From: info-ingres-bounces (AT) kettleriver...ting (DOT) com
[mailto:info-ingres-bounces (AT) kettleriverconsulting (DOT) com] On Behalf Of
Martin Bowes
Sent: 10 October 2011 14:40
To: Ingres and related product discussion forum
Subject: [Info-Ingres] level of parallelism and SIGSEGV in procedure
call.
Hi All,
On Ingres II 10.0.0 (a64.lnx/132)NPTL + p14139
We have a procedure which when we execute it several times in succession
fails with a SIGSEGV (see below)...and at different points in that
sequence. I've seen situations where we do the sequence and got no
errors, rollback, repeat and get errors aplenty.

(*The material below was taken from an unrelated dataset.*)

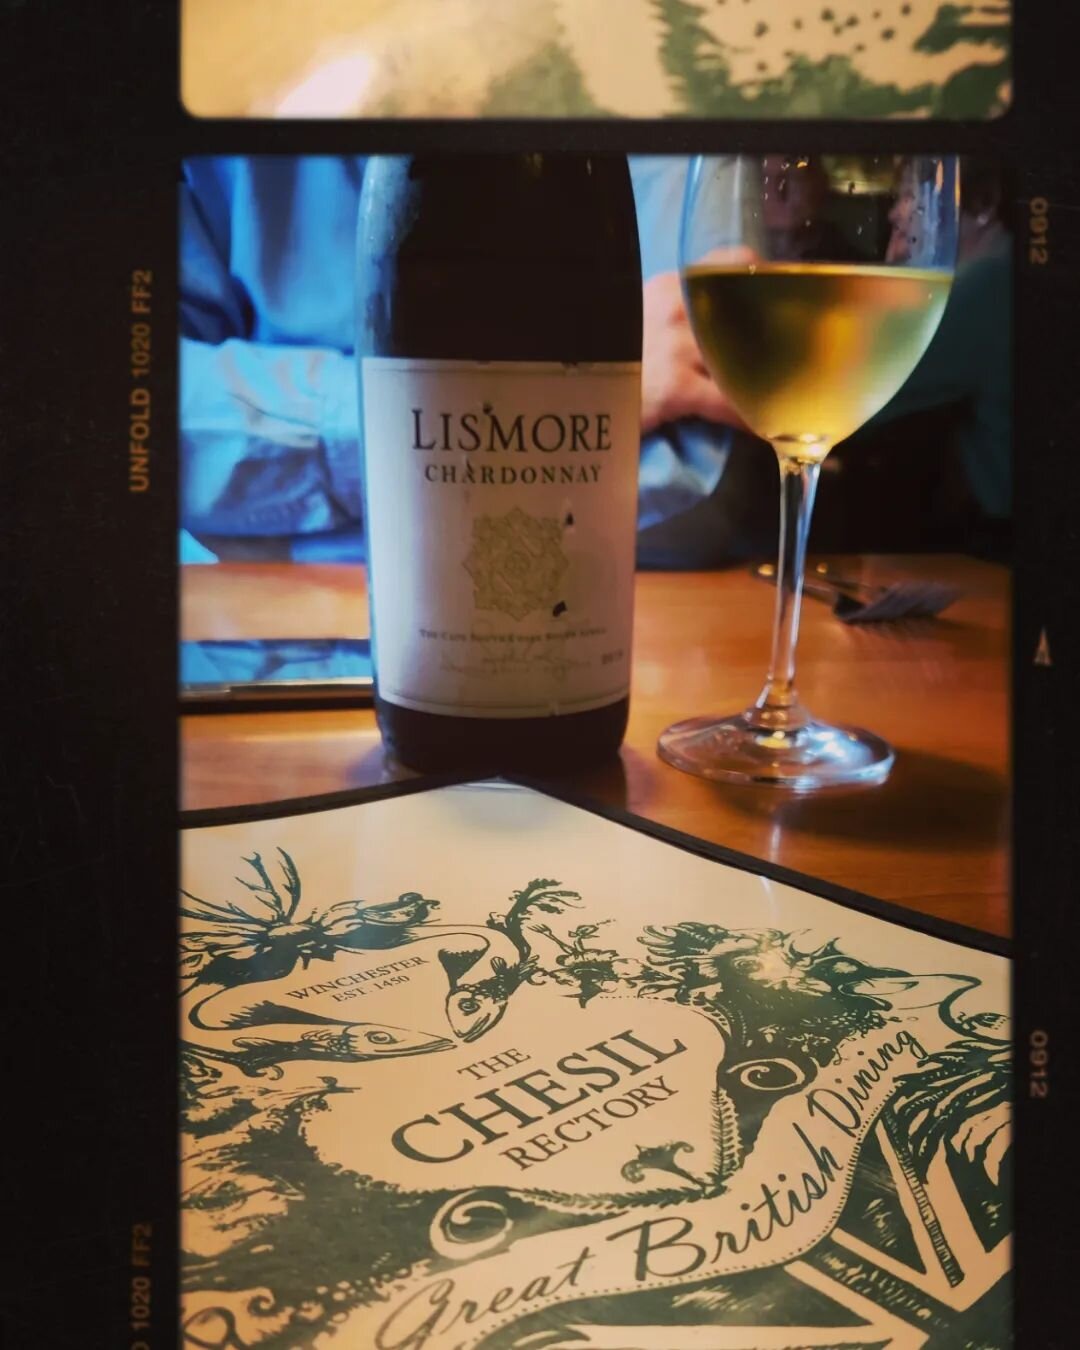 First Official day as a Brit, I know, after 25 years living in the country, it was about time. @david.leeming knows me insideout, perfect venue @chesil_rectory, exquisite food @chesilpanrattler78 and sublime wine @lismorewine recommended by @andreabe

The SIGSEGV seems to implicate the Parallel Query Thread and the server
in question has opf_pq_dop = 8. I've recovered the database to another
installation and duplicated the results there. I then reset opf_pq_dop
to zero on the recovery installation and the sequence always executes
OK.
Having reset the recovery box to use opf_pq_dop = 8, I then altered the
sequence to commence with set noparallel and it works fine every time.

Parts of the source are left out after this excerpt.